@article {Ferguson:January 2001:0169-3867:69, author = "Ferguson K.G.", title = "Semantic and Structural Problems in Evolutionary Ethics", journal = "Biology and Philosophy", volume = "16", year = "January 2001", abstract = "

In ``A Defense of Evolutionary Ethics'' (1986), Robert J. Richards endeavors to explain how moral `oughts' can be derived from the science of evolutionary biology without committing the dreaded naturalistic fallacy. First, Richards assumes that `ought' as used in ethical discourse bears the same meaning as `ought' used anywhere in science, indicating merely that certain results or behaviors are predicted based on prior structured contexts.
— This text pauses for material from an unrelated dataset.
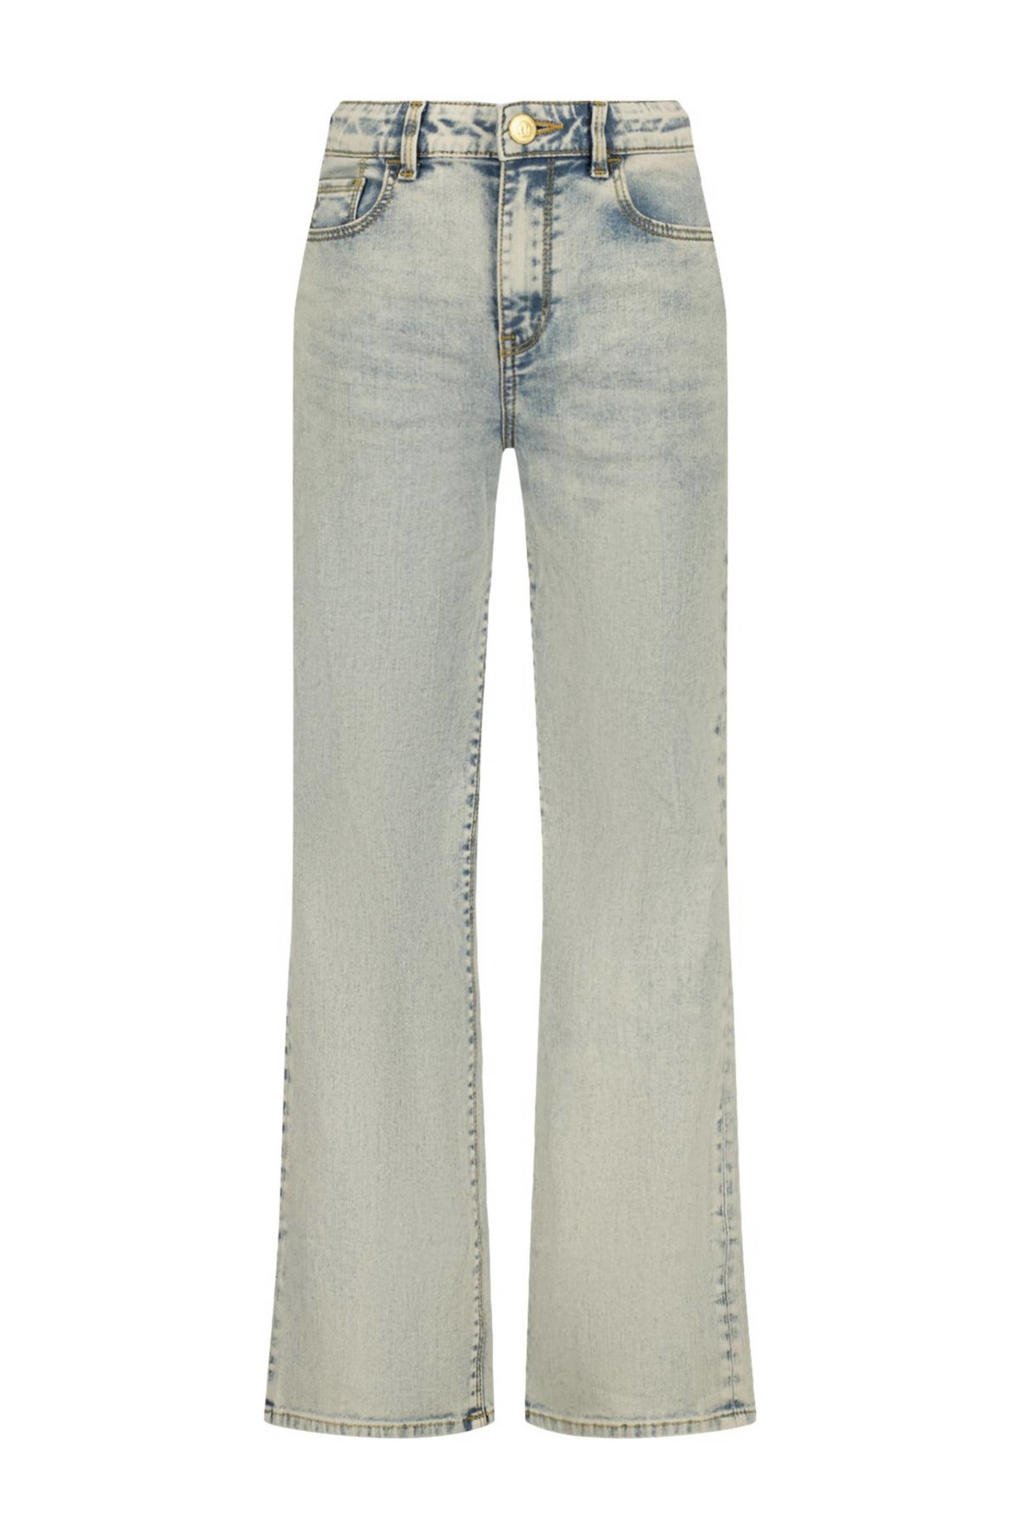 Raizzed wide leg jeans Mississippi light blue stone

To this extent, the moral behavior of animals, what they `ought' to do, could arguably be predicted by evolutionary biology as effectively as, say, molecular behavior may be predicted by chemistry. But after acknowledging that biological inferences to this limited sense of `ought' were never contested by Moore's naturalistic fallacy, Richard proposes to add to evolutionary ethics a decision procedure to determine which members of a set of predicted behaviors are those which truly ought to occur – in the genuinely prescriptive sense intended by ethical discourse. But the procedure which Richards fabricates for this purpose appeals to such alleged `facts' as cultural conventions and moral opinion polling, hardly a secure foundation for the sort of scientific ethics promised by Richards at the outset.